The invention relates to application of an anti-pelteobagrus fulvidraco PfHMGB1 antibody in preparation of a reagent for relieving the invasion of pelteobagrus fulvidraco or isolated pelteobagrus fulvidraco cells by algal toxins, and also relates to a reagent containing the antibody, and a method for relieving the invasion of the isolated pelteobagrus fulvidraco cells by the algal toxins, wherein the method comprises the step of adding the anti-pelteobagrus fulvidraco PfHMGB1 antibody into a culture environment of the isolated pelteobagrus fulvidraco cells. The invention prepares the anti-pelteobagrus fulvidraco PfHMGB1 antibody, and in vitro cell experiments and in vivo experiments prove that the antibody can relieve the invasion of the pelteobagrus fulvidraco by algal toxins and can also relieve the invasion of the in vitro cells of the pelteobagrus fulvidraco by the algal toxins. Therefore, the antibody can be used for preventing or treating the pelteobagrus fulvidraco from being invaded by the algae toxin, and can also be used for treating the isolated cells of the pelteobagrus fulvidraco to prevent or reduce the invasion of the isolated cells of the pelteobagrus fulvidraco by the algae toxin.

Description

Application of anti-PfHMGB 1 antibody in anti-algal toxin reagent and anti-algal toxin reagent
Technical Field
The invention relates to the field of water ecology, in particular to application of an anti-pelteobagrus fulvidraco PfHMGB1 antibody in preparation of a reagent for reducing invasion of pelteobagrus fulvidraco or isolated pelteobagrus fulvidraco cells by algal toxins, and also relates to a reagent containing the antibody, and a method for reducing invasion of the isolated pelteobagrus fulvidraco cells by the algal toxins.
Background
Blue algae bloom is one of the most important fresh water ecological problems at present, and the microcystis is a common blue algae bloom. The Microcystins (MC) are generated after the Microcystins are cracked in water, so that fresh water resources are polluted, and the water safety of residents, industry and agriculture and the development of agriculture, animal husbandry and fishery are seriously influenced. MC is a class of cyclic heptapeptide hepatotoxins with the structure cyclo (-D-Ala-X-D-MeAsp-Z-Adda-D-Glu-Mdha), where X and Z are variable amino acids. Over 100 isomers have been found, of which MC-LR has the strongest acute and chronic toxicity and the greatest harm.

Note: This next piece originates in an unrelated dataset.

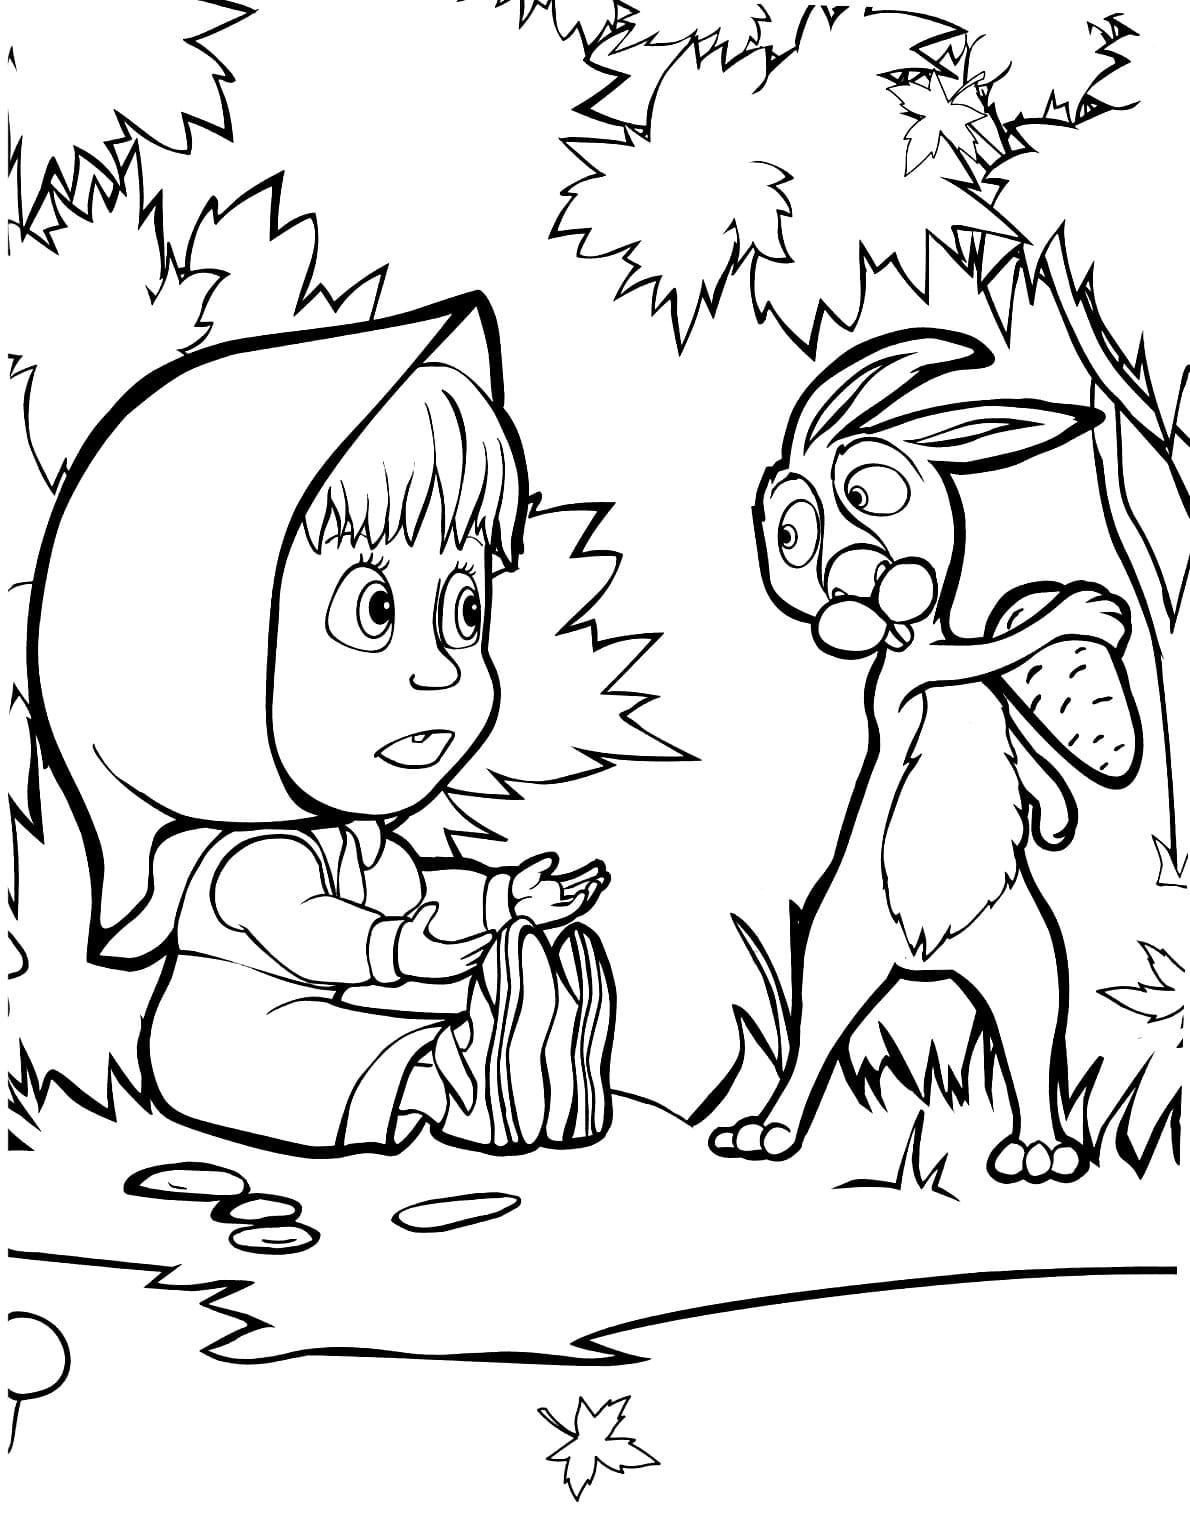 Masha and The Bear Coloring Pages. 80 Images Free Printable

Prolonged exposure to or consumption of MC-LR contaminated water can cause damage to various target organs such as liver, kidneys, heart, reproductive organs, respiratory and circulatory systems, etc. in humans, livestock and wildlife. Fisheries are most susceptible to microcystins because of their direct correlation with water ecology.

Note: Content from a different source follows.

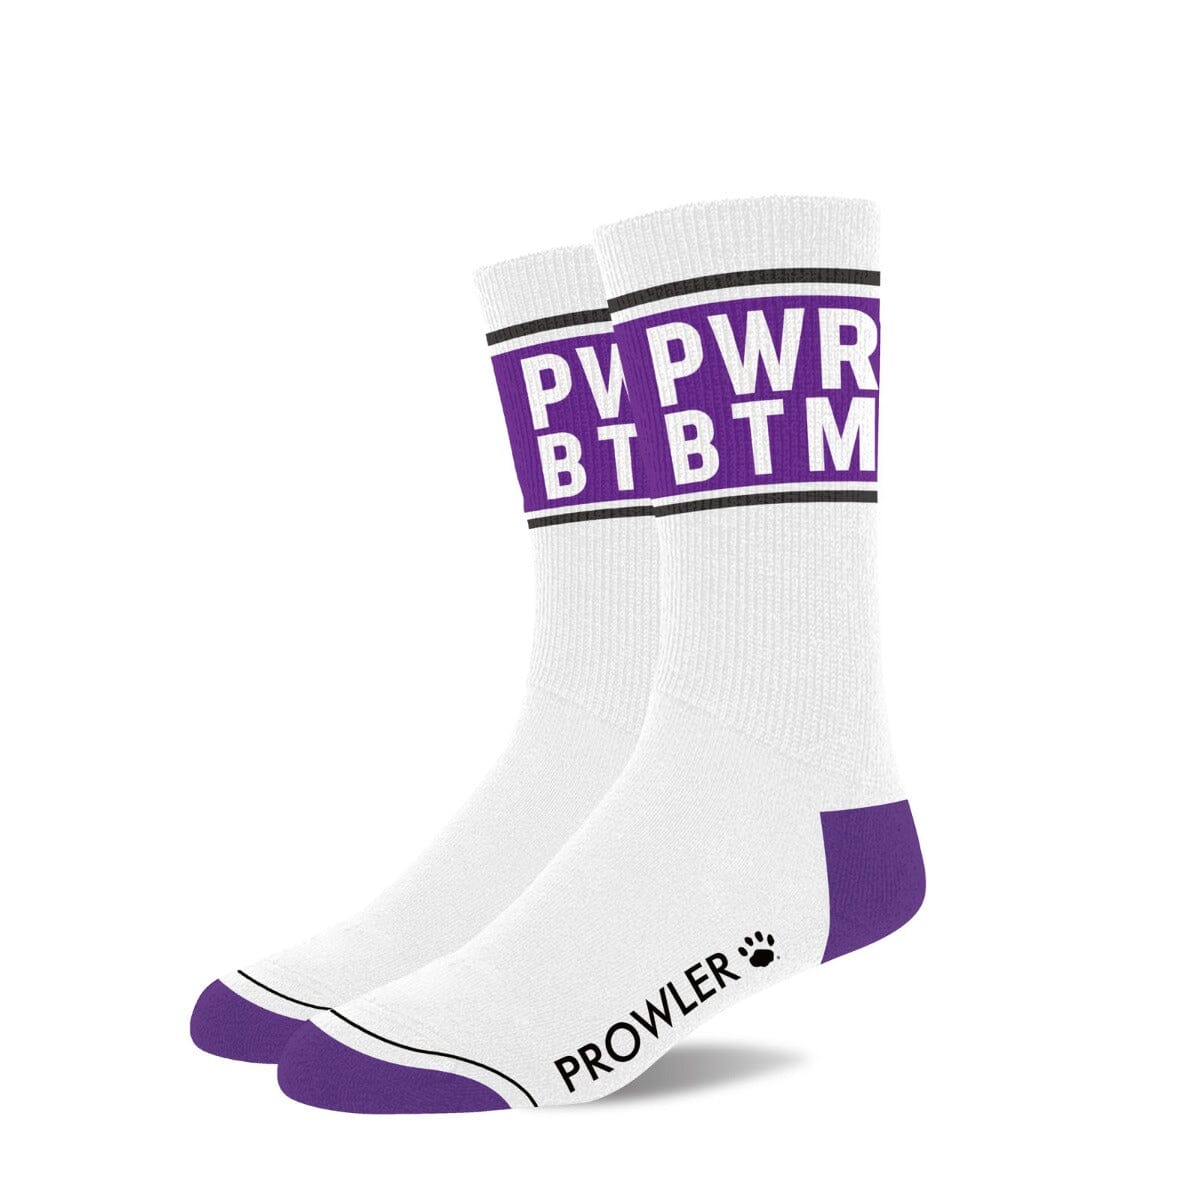 a pair of white socks with purple lettering

The pelteobagrus fulvidraco belongs to the class of fin-fish, catfish, family of bagrus and genus of pelteobagrus, and is one of the current major economic fish species due to high yield, tender meat quality, delicious taste, less bones and much fat. Like the culture of other freshwater fishes, the culture of the pelteobagrus fulvidraco is also easily influenced by microcystins. Therefore, there is a need for an agent that can prevent or treat the invasion of microcystins.
Disclosure of Invention
In order to solve the problems, intensive research is carried out on the pathogenic mechanism of algal toxin MC-LR in pelteobagrus fulvidraco, the mRNA level and the protein level of the HMGB1(High mobility Group Box 1) gene show significant difference in some organs or tissues compared with healthy pelteobagrus fulvidraco after the pelteobagrus fulvidraco is invaded by the algal toxin, and the invasion of the algal toxin received by the pelteobagrus fulvidraco or the in vitro cell thereof is greatly reduced after the anti-HMGB 1 antibody is applied to the pelteobagrus fulvidraco or the in vitro cell thereof.

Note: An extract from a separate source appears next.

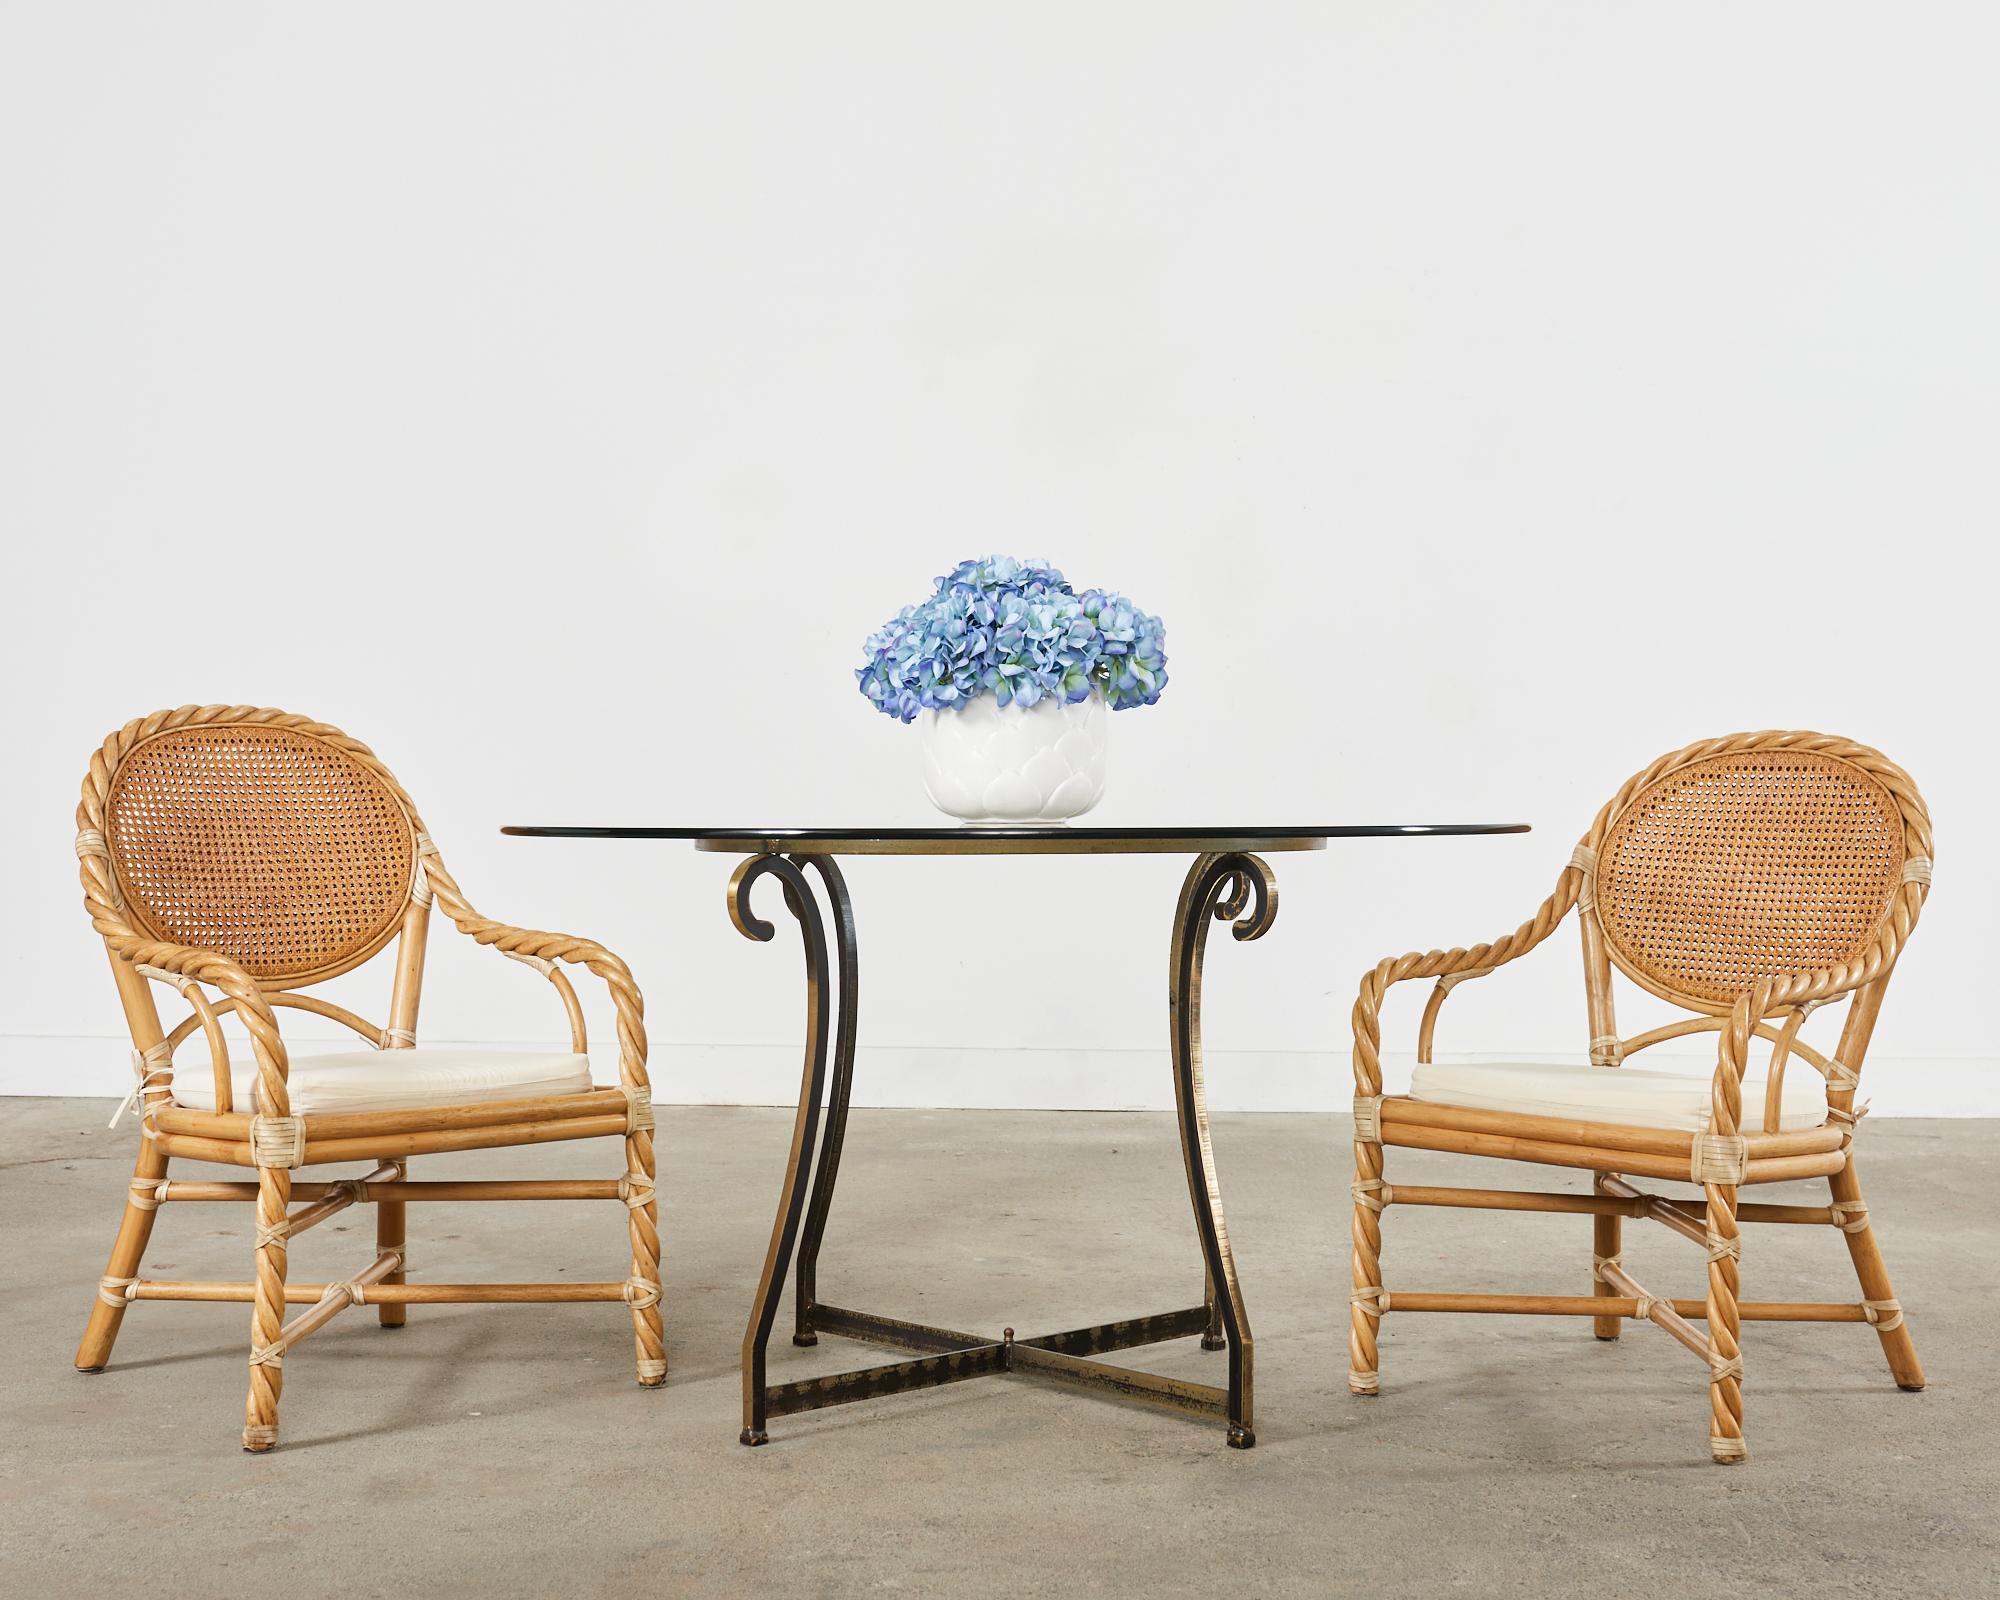 Amazing set of four twisted rattan dining armchairs made in the California coastal organic modern style by McGuire, San Francisco. The bespoke chairs feature a braided pole rattan frame that starts at the legs, then becomes the arms, and gracefully

Based on the research, the invention provides application of an anti-pelteobagrus fulvidraco PfHMGB1 antibody in preparation of a reagent for relieving the cell invasion of pelteobagrus fulvidraco or in-vitro pelteobagrus fulvidraco by algal toxins.
In a specific embodiment, the amino acid sequence of PfHMGB1 is set forth in SEQ ID NO 2.
In a specific embodiment, the isolated pelteobagrus fulvidraco cell is a hepatocyte.
In a specific embodiment, the algal toxin is a microcystin.
In a specific embodiment, the algal toxin is MC-LR.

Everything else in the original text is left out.